JOSÉ LUIS MUÑOZ
Segunda incursión, y correlativa, del británico Alex Garland (Londres, 1970) en el cine bélico tras la muy inquietante y nada distópica Civil War que te atrapaba desde el instante cero y que resultaba muy creíble con lo que se cernía electoralmente en Estados Unidos y no es descartable que suceda tal como están las cosas con el emperador naranja, y aquí el director se va a Irak a hacer una reconstrucción hiperrealista de lo que es la guerra moderna sin hacer concesiones al espectador.
Basado en una historia real, y codirigida con Ray Mendoza, excombatiente de la invasión de Irak que colabora en el guion, el director de Ex machina y Aniquilación nos sumerge en el infierno de la guerra, en su violencia extrema y en su parte más sangrienta y menos gratificante. La película, basada en la experiencia personal del codirector y filmada casi en tiempo real, recoge uno de los episodios de esa desastrosa aventura colonial cimentada en una mentira y que destrozó Irak y convulsionó, aún más, el Oriente Medio.
Un pequeño comando militar de los Navy SEAL, tropa de élite de EE.UU., toma posiciones en una vivienda aleatoriamente escogida por la noche, confina a sus asustados residentes en su sótano y se parapeta tras las ventanas esperando acontecimientos en una zona en donde la insurgencia es destacable. Tras una larga espera (los tiempos están muy medidos: el francotirador, echado sobre un colchón, observa aburrido y sudoroso, por el visor de su arma, todos los posibles sospechosos de yihadistas que se cruzan al otro lado de la calle cuando es de día) se desata el infierno de disparos, explosiones y frustradas operaciones de rescate por parte de otras unidades del ejército norteamericano.
Estamos asistiendo casi a un documental sino fuera porque los directores nos meten en ese infierno de disparos y sangre (dos de los soldados son víctimas de explosiones y el detalle de sus heridas y el realismo de sus alaridos de dolor son quizá lo más terrible del film). La película es una aventura bélica plena de adrenalina que remite a obras maestras del cine bélico por su precisión, dramatismo y realismo: La chaqueta metálica de Stanley Kubrick y Black Hawk derribado de Ridley Scott.
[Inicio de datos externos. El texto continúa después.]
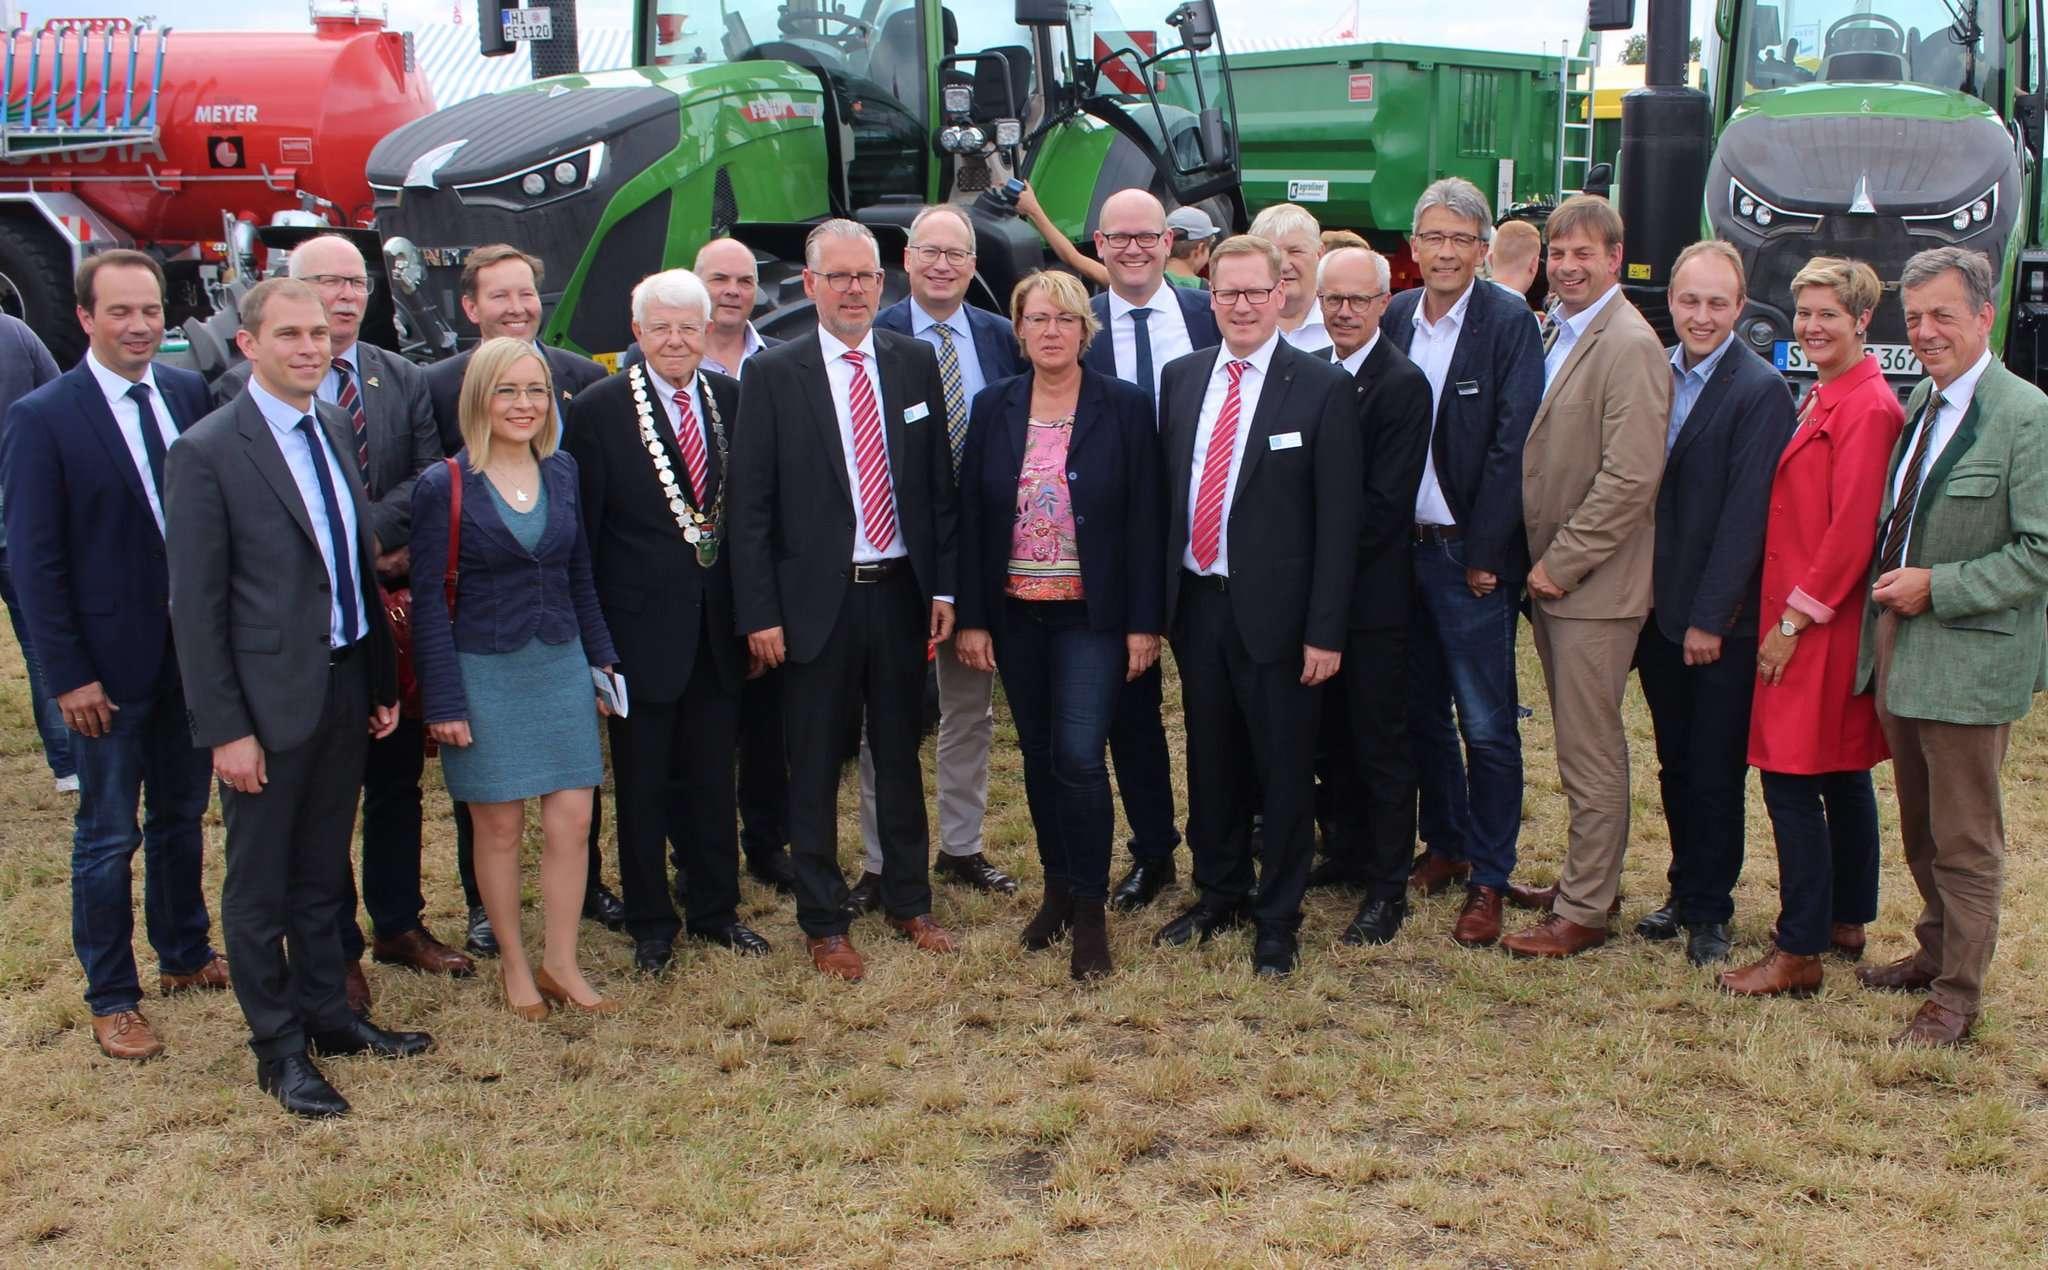 Nach der offiziellen Eröffnung ging die Prominenz, angeführt von der Landwirtschaftsministerin Barbara Otte-Kinast (CDU), zielsicher auf den Rundgang zu den Landmaschinen. Fotos: Henning Leeske

Garland y Mendoza huyen de toda sutileza para mostrarnos el aspecto más sucio de una guerra que no tiene nada de heroico. Quizá el espectador eche en falta un cierto espíritu crítico de todo eso que está sucediendo, del por qué esos tipos jóvenes y aguerridos se juegan la vida y disparan a lo que se mueve. La familia iraquí, a la que confiscan su casa y se la destrozan, es la verdadera víctima, y por extensión toda la población de ese país invadido que sufrió la violencia del ejército más poderoso del mundo que se caracteriza por minimizar sus bajas desde la guerra de Vietnam y aumentar exponencialmente las del adversario a costa de civiles (lección bien aprendida por Israel, o viceversa). Los Navy SEAL, que hacen bien su trabajo (matar lo mejor posible sin hacerse muchas consideraciones), se creen los buenos que están allí para combatir a los malos, en un retorcimiento de la realidad cuando son invasores ilegales repelidos por resistentes de un país masacrado.
Pero Warfare, tiempo de guerra, al margen de consideraciones morales y su apoliticismo, es un espectáculo dantesco y uno sale de la sala palpándose el cuerpo por si ha resultado herido durante la refriega. Quizá, sin pretenderlo (algunos le echan en cara a la película de ser un panfleto publicitario de las fuerzas armadas estadounidenses), esta sea una película antibelicista, aunque habrá quien, viéndola, vaya a enrolarse en cualquier guerra. Un corolario de actores tan absolutamente desconocidos como eficaces, humanos en su desesperación, miedo, dolor y espíritu de solidaridad (la única virtud que se aprecia en el grupo), redondea esta experiencia extrema de la que es difícil salir sin ser salpicado.